Как всякий смекалистый боевой офицер, Ролли никогда не позволял себе недооценивать противника: герцог оказался холодным, черствым и деспотичным, как Ролли и ожидал. Невероятно жестоким, каким он помнил его по их единственной короткой встрече много лет назад.
Что он на самом деле недооценил, так это собственные эмоции. Он не ожидал, что станет испытывать к Атвуду, своему единокровному брату, такое странное чувство – смесь восхищения и зависти. Что у него возникнет жгучее желание понравиться, но что еще важнее – заслужить доверие маркиза. К Доротее Роллингсон испытывал искреннюю дружескую привязанность и стремление защищать на правах старшего брата.
Ролли задумался. Каков будет их следующий шаг? И тут же громко рассмеялся, потому что представления не имел, в каком направлении ему самому следует действовать. У него не было никакого документа, подтверждавшего отцовство герцога. Такого документа вообще не существовало. Он солгал Атвуду и Доротее, чтобы выиграть немного времени. Чтобы дать им возможность как следует обдумать его историю.
Письма, подробно раскрывавшие развитие отношений между его матерью и герцогом, были у него отняты. Хотя Ролли не мог не признать, что они вряд ли могли послужить достаточным доказательством. Как сказал Атвуд, бумаги легко подделать. У него осталось одно последнее письмо, написанное матерью утром того дня, когда она умерла. Но оно было скорее загадкой, чем доказательством. Хотя мать и писала о нем, о ребенке, которому она и герцог подарили жизнь, в последних строках письма она признавалась, что обманула герцога, и просила у него за это прощения.

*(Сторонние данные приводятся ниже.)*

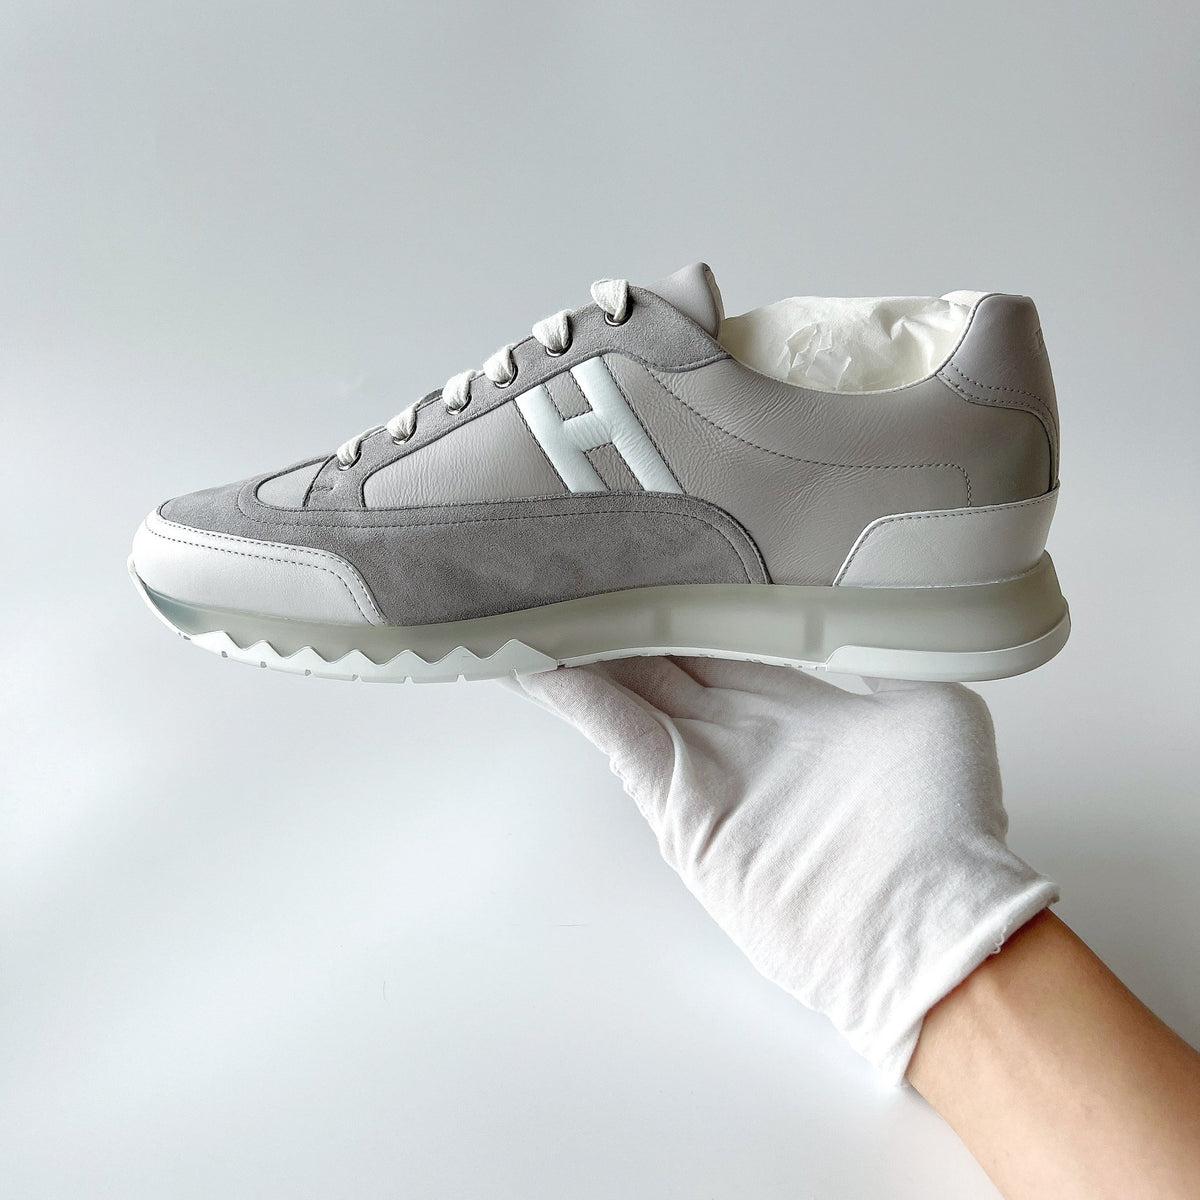 Shop this comfy pair of Hermes Mens Trail Sneakers In Grey And White. They are made from a mix of calfskin and suede goatskin. They are true to size and have a super comfortable fit for everyday outings. This pair of trail sneakers comes in EU size

Не понимая, что бы это могло значить, Ролли отнес эти слова за счет ее болезни и не придал им значения. По наивности он отдал все письма герцогу много лет назад, но это письмо оставил у себя. Пусть оно ничего не доказывало – он не мог с ним расстаться, потому что это было единственное, что осталось ему от матери.

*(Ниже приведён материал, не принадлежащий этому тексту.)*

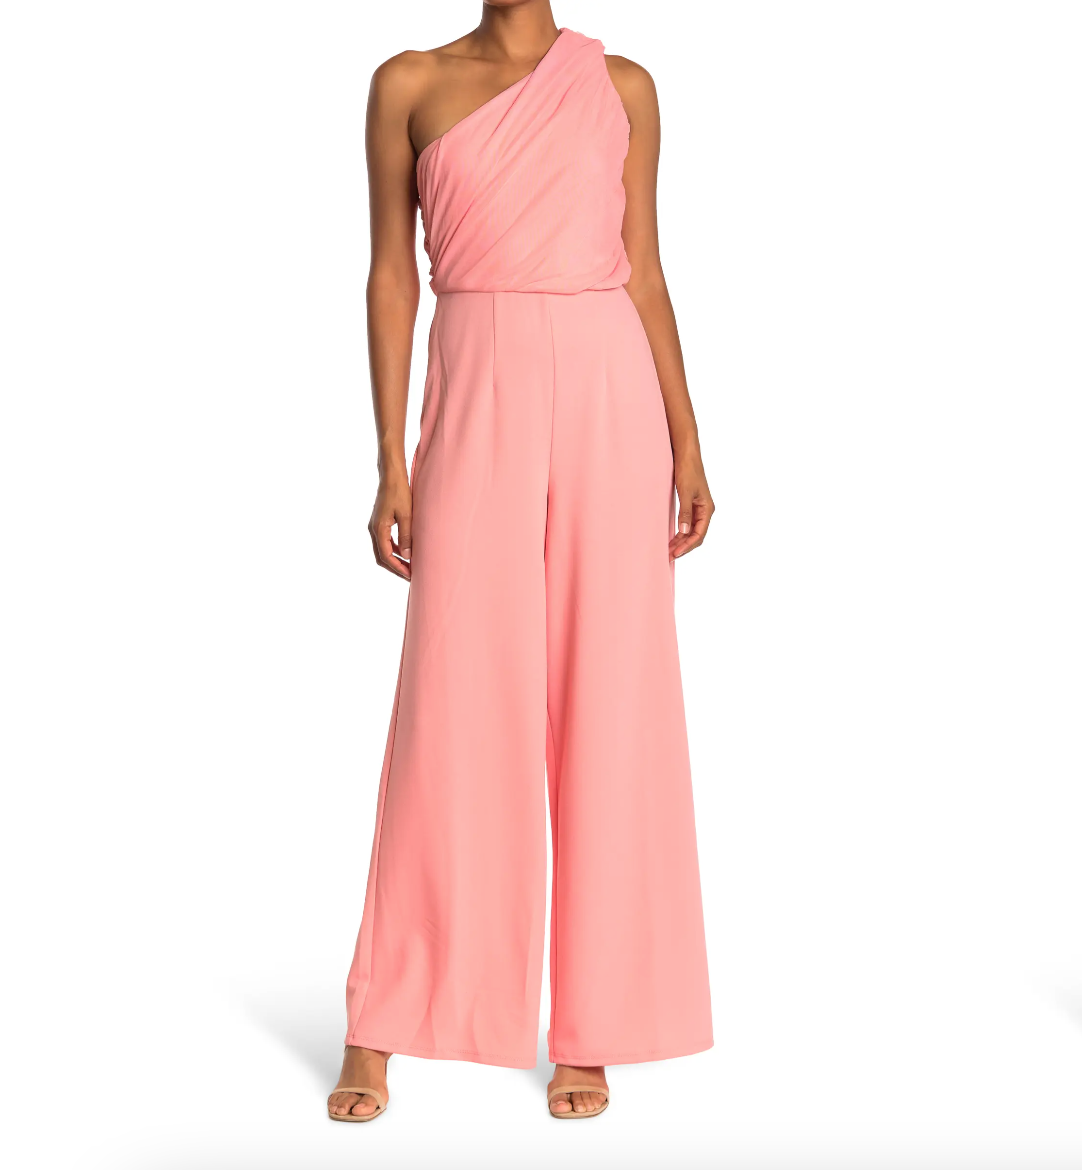 Nordstrom Rack: Save up to 65% on wedding guest styles

Чем это все закончится?.. С каждой милей, приближавшей его к столице, Ролли все отчетливее осознавал: если эта его последняя попытка провалится, ему придется искать в себе силы, чтобы влачить унылую жизнь отверженного. Потому что если ему это не удастся… Ролли тряхнул головой. О последствиях было невыносимо даже думать.

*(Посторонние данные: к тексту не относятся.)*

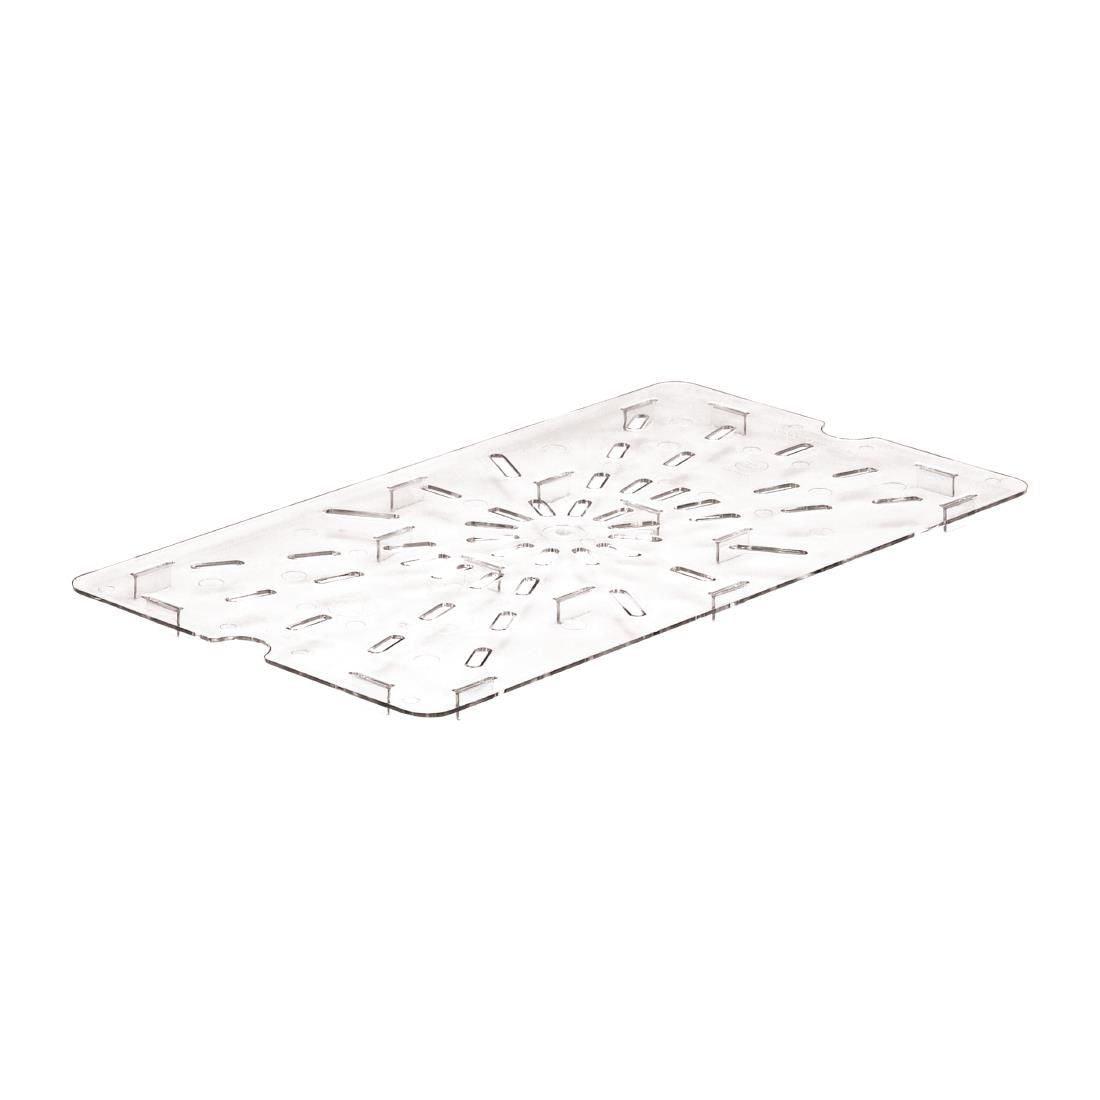 DM741 Cambro Polycarbonate 1/1 Gastronorm Pan Drain Shelf JD Catering Equipment Solutions Ltd

Темные тучи мрачно клубились над головой, угрожая дождем. Доротея смотрела на Картера. Он стоял с каменным лицом. Она старалась угадать, о чем он думает, что чувствует, но это было невозможно.
– Думаешь, это правда? – Голос его прозвучал глухо, безжизненно.
Доротея медленно вздохнула, чтобы успокоить собственные бурно разыгравшиеся эмоции.
– Думаю, это вполне может быть правдой. Слишком много случайностей, так удачно складывающихся в общую картину. Но что еще более важно, майор твердо уверен, что герцог его отец. И одержим идеей услышать эти слова от его светлости.
Картер поморщился:
– К сожалению, я вынужден с тобой согласиться. Хотя эта история не укладывается у меня в голове. Мой отец всегда был таким праведным, таким нетерпимым в вопросах морали. Интрижка с гувернанткой? Это слишком попахивает мелодрамой, чтобы быть правдой.